The SIT filed the chargesheet in an Ahmedabad court on Tuesday, the Indian Express reported.
The Ahmedabad crime branch had registered a First Information Report against Setalwad, Sreekumar and Bhatt a day after the Supreme Court dismissed a petition challenging the clean chit given by the SIT to then Gujarat chief minister Narendra Modi and others in the riots cases. Both Setalwad and Sreekumar were taken into custody on June 25 while Bhatt is already in jail after being convicted in a custodial death case in 1990.
The Supreme Court on September 2 granted bail to Setalwad, observing that she is entitled the relief of interim bail during the pendency of consideration of her application which is pending before the Gujarat High Court.

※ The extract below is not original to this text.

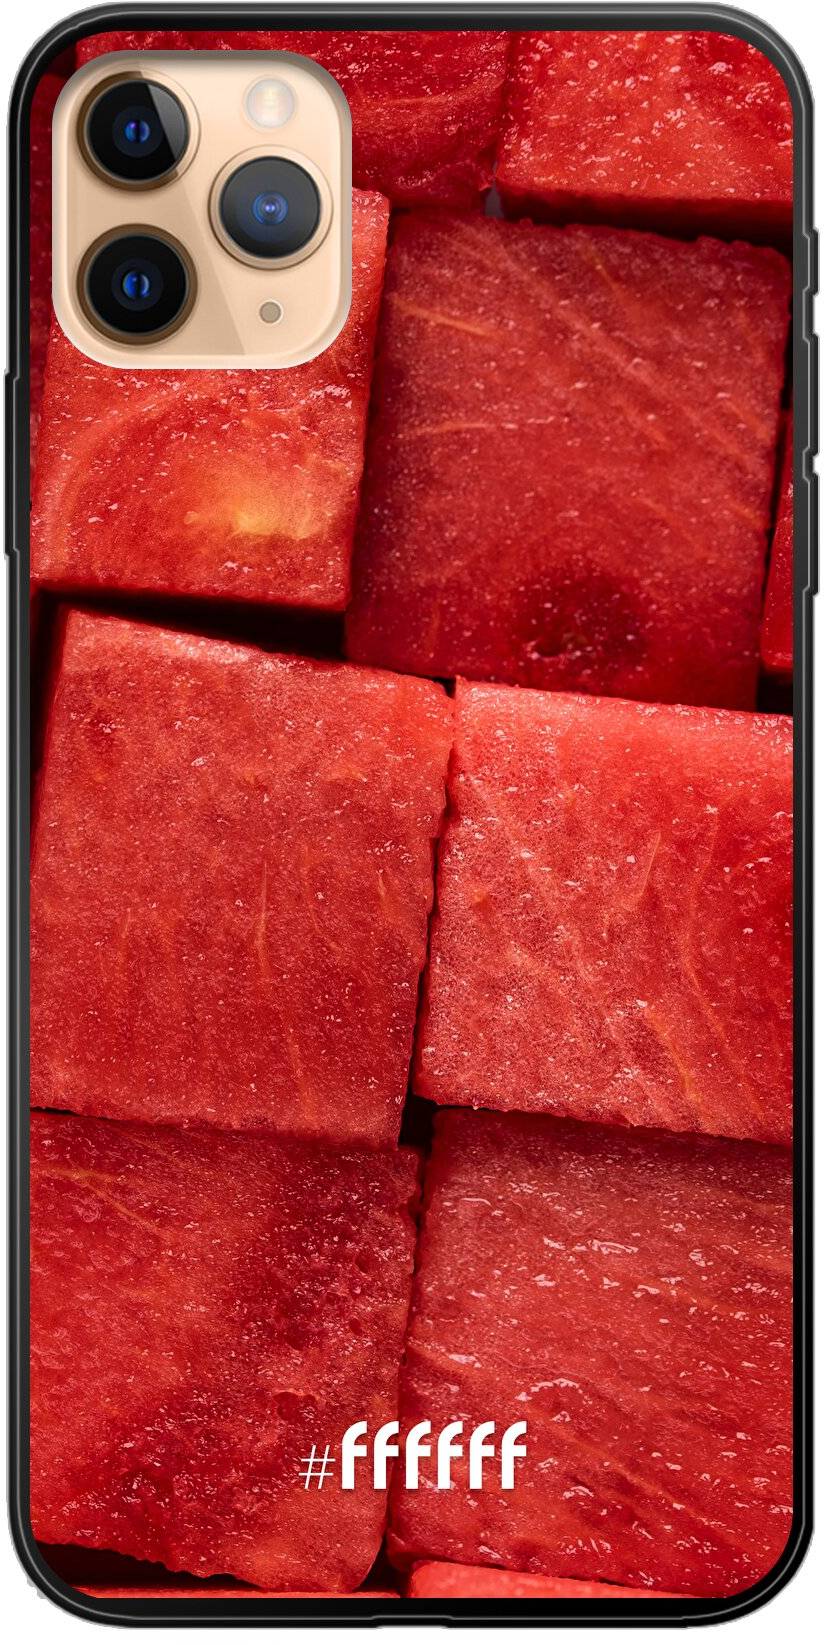 Sweet Melon iPhone 11 Pro Max

Sreekumar has also filed a bail application in the high court, which is due to be heard on September 28.
Earlier, while dismissing the petition filed by Zakia Jafri whose husband and former Congress MP Ehsan Jafri was killed during the riots, the SC had observed that "it appears to us that a coalesced effort of the disgruntled officials of the State of Gujarat along with others was to create sensation by making revelations which were false to their own knowledge."
All those involved in such abuse of process "need to be in the dock and proceed in accordance with law," the supreme court had said.
Setalvad and other two were subsequently booked under Indian Penal Code sections 468, 471 (forgery), 194 (giving or fabricating false evidence with intent to procure conviction of capital offence), 211 (institute criminal proceedings to cause injury), 218 (public servant framing incorrect record or writing with intent to save person from punishment or property from forfeiture), and 120 (B) (criminal conspiracy).